Одним ненастным зимним вечером, когда за стенами дома бушевала буря, наша семья собралась возле пылающего очага. Мама держала на руках маленького Алексиоса. Я устроилась у ног отца. Может, и внутри моих близких горело такое же пламя? Ответа я не знала, но надеялась, что так и есть.
А потом в тепло нашего святилища проник звук ногтей, царапающих дверь. Мать крепко прижала к себе Алексиоса и посмотрела на дверь так, словно за ней, в темноте, прятался демон.
– Николаос, пора, – произнес снаружи голос, похожий на хруст пергамента.
Отец встал, набросив на мускулистое тело плащ кроваво-красного цвета. Густая черная борода не позволяла разглядеть выражение его лица.
– Подожди еще немного, – взмолилась мать.
Она тоже встала, протянув руку к густым отцовским кудрям.
– Зачем ждать, Миррин? – резко спросил отец, отталкивая ее руку. – Тебе известно, что должно произойти нынешним вечером.
С этими словами он шагнул к двери, подхватив по дороге копье. Дверь со скрипом приоткрылась. Едва ступив за порог, отец попал под струи холодного дождя. Стонал ветер, высоко в небе грохотал гром. Мы с матерью вышли вслед за отцом, ибо он был нашим щитом.
И тогда я увидела их.
Они стояли полукругом, напоминающим лезвие серпа, и смотрели на нас. Жрецы, обнаженные по пояс, с лавровыми венками на лбу. Эфоры в серых одеждах и с факелами в руках. Ветер норовил загасить пламя факелов, а дождь заставлял его трещать и шипеть.
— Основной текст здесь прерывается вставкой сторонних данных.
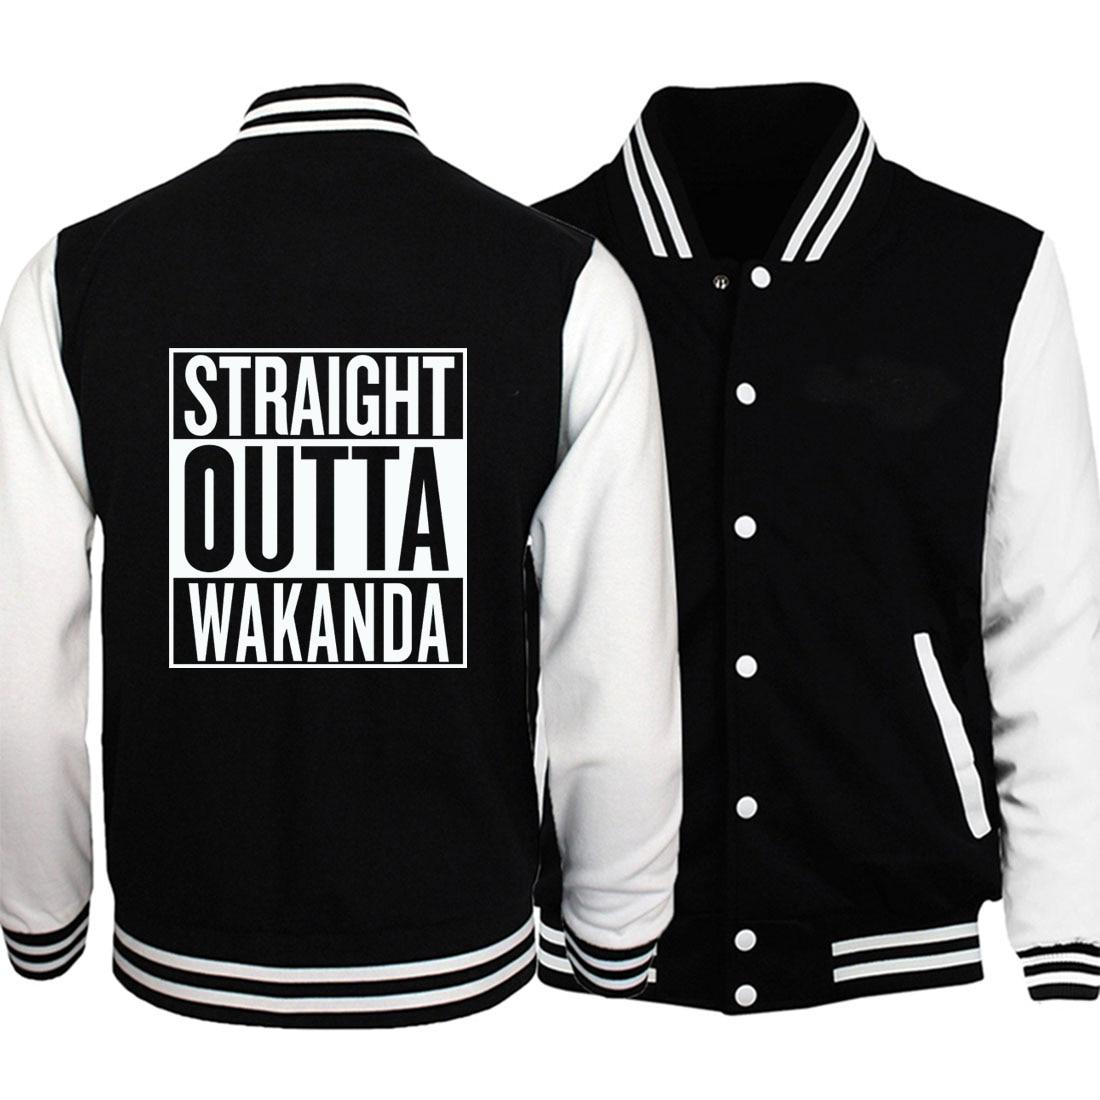 fall winter casual fleece sweatshirts Men 2019 new marvel baseball jackets Black Panther male fitness coats harajuku tracksuits

Могуществом своим эфоры превосходили даже двух царей Спарты. Длинные седые волосы старшего эфора бились на ветру, лысая макушка блестела в лунном свете. Глаза его были налиты кровью. Губы эфора расплылись в пугающей улыбке, обнажив старческие зубы. Когда мы вышли, он повернулся, молча приказав нам следовать за процессией. Мы двинулись по улицам Питаны – одного из пяти священных спартанских селений, где прошло мое детство. Мы даже не успели выйти за пределы городка, а я уже насквозь промокла и продрогла.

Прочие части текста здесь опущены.